Of all contemporary fiction writers, I love Houellebecq more than any other (apart from maybe Don Delilo). Books like “Atomised”, “Platform” and “The Possibility Of An Island” never shirk tackling big, contemporary themes. I’d never read “Whatever,” his slighter (though no less immodest) opening salvo. The broadside that launched him on to the world.

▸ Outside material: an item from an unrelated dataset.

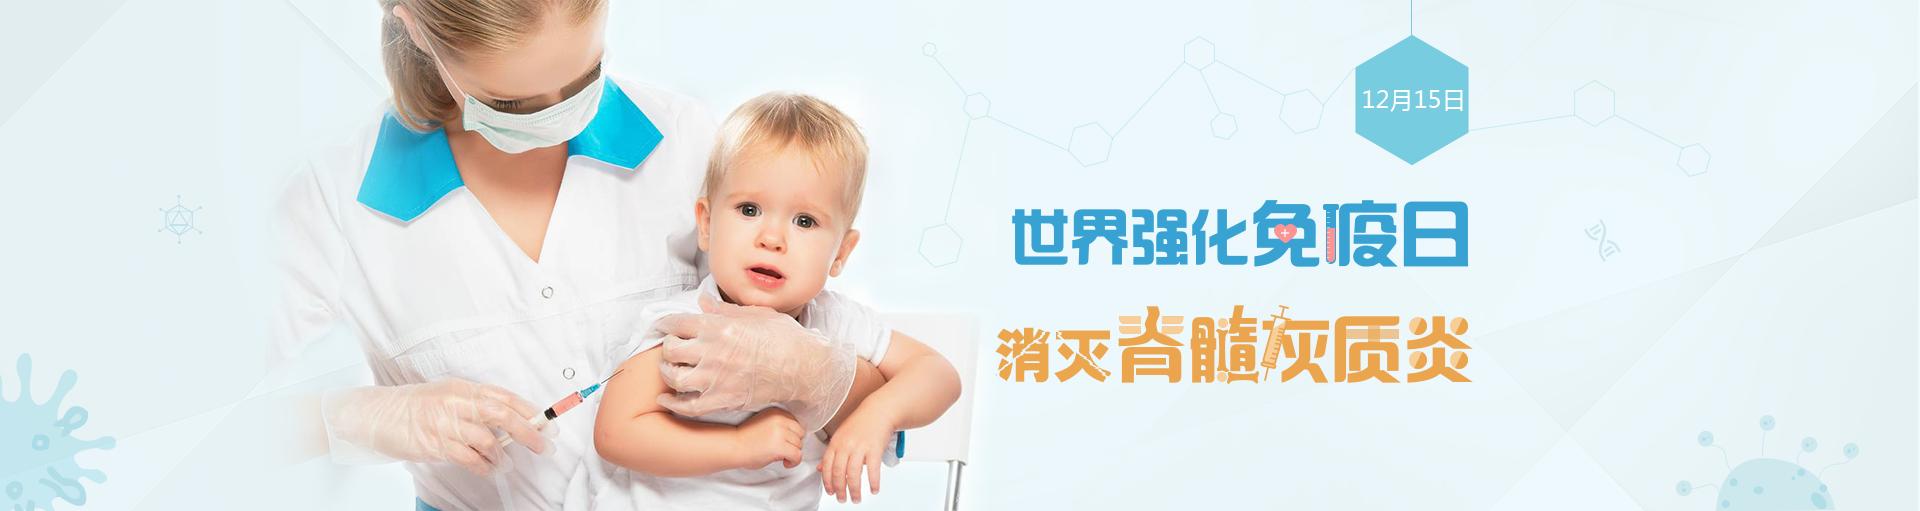 世界强化免疫日 脊髓灰质炎早期症状 小儿麻痹症

The book offers a fledgling style and voice pumping their wing muscles in a dry run. The disdain for humanity is evident. An ennui with attitude. Unlike the sneer of say Will Self, Houellebecq’s tone makes me envision him dog end in the corner of his mouth, oscillating with each barb that pours from his mouth to the page as he assigns it to his protagonist – also portrayed as a chain-smoker. Self you would imagine would deliver his acerbic comment on whoever is unfortunate enough to stray into the protagonist’s view, straight between your eyes, ramrod straight back. Houellebecq all shrugged and hunched shoulders probably delivers it into your navel. He is not above a weary permission for someone to do something asinine or to feel forlorn ("I found nothing to object to in it" in reference to a priest's homily. All grist to his silted-up mill).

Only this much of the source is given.